A Swiss appeals court has convicted Islamic scholar, Tariq Ramadan, of raping a woman in a Geneva hotel in 2008, overturning an earlier court acquittal.
During the hearing, the court said it “annuls the judgment of 24 May 2023” and sentenced the 62-year-old former Oxford University professor to three years in prison, two of which were suspended.
The ruling was made on August 28 but not made public until Tuesday.
The scholar has strongly denied the charges against him, based on an accusation by an unnamed Swiss woman relating to the incident 16 years ago.
Ramadan’s accuser, a Muslim convert identified only as “Brigitte”, had testified before the court that he subjected her to rape and other violent sex acts in a Geneva hotel room during the night of October 28, 2008.
Brigitte’s lawyer said she was repeatedly raped and subjected to “torture and barbarism”.
Ramadan said that Brigitte invited herself up to his room. He let her kiss him, he said, before quickly ending the encounter. He said he was the victim of a “trap”.
Brigitte was in her forties at the time of the alleged assault.

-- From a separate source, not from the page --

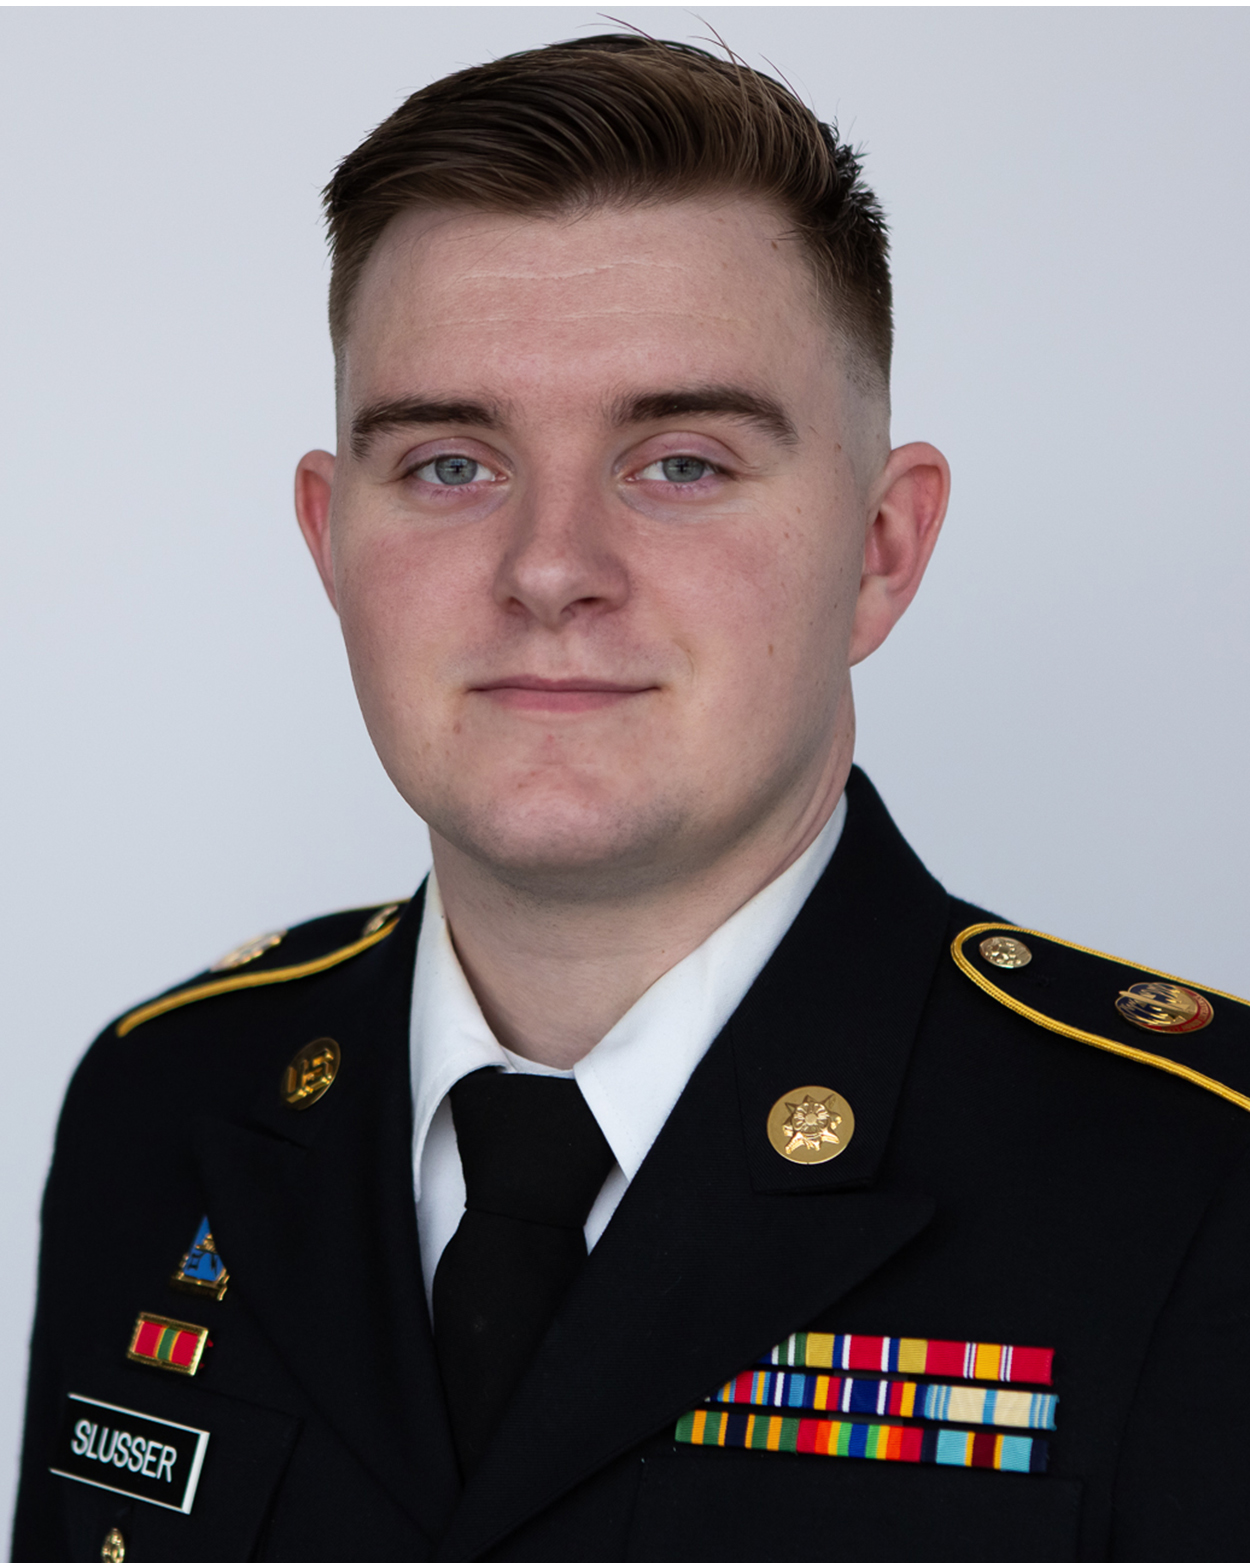 Denny Slusser headshot in Army uniform

She filed a complaint 10 years later, telling the court she felt emboldened to come forward following similar complaints filed against Ramadan in France.
The appeals verdict overturns a lower court finding last year acquitting Ramadan of rape and sexual coercion, citing a lack of evidence, contradictory testimonies, and “love messages” sent by the plaintiff after the alleged assault.
However, during their appeal, Brigitte’s lawyers alleged that Ramadan had exercised significant “control” over the woman, suggesting she had suffered something akin to Stockholm syndrome.
The three appeals court judges pointed to “witness testimony, certificates, medical notes, and private expert opinions consistent with the facts presented by the plaintiff”.
“Elements collected during the investigation have thus convinced the chamber of the guilt of the accused,” the court said in a statement.
Ramadan, the grandson of Muslim Brotherhood in Egypt founder Hasan al-Banna, was a professor of contemporary Islamic studies at Oxford and held visiting roles at universities in Qatar and Morocco.
He was forced to take a leave of absence in 2017 when rape allegations surfaced in France at the height of the “Me Too” movement.
In France, he is suspected of raping three women between 2009 and 2016.
meanwhile, his legal defense team is challenging a Paris appeals court decision in June that the cases can go to trial.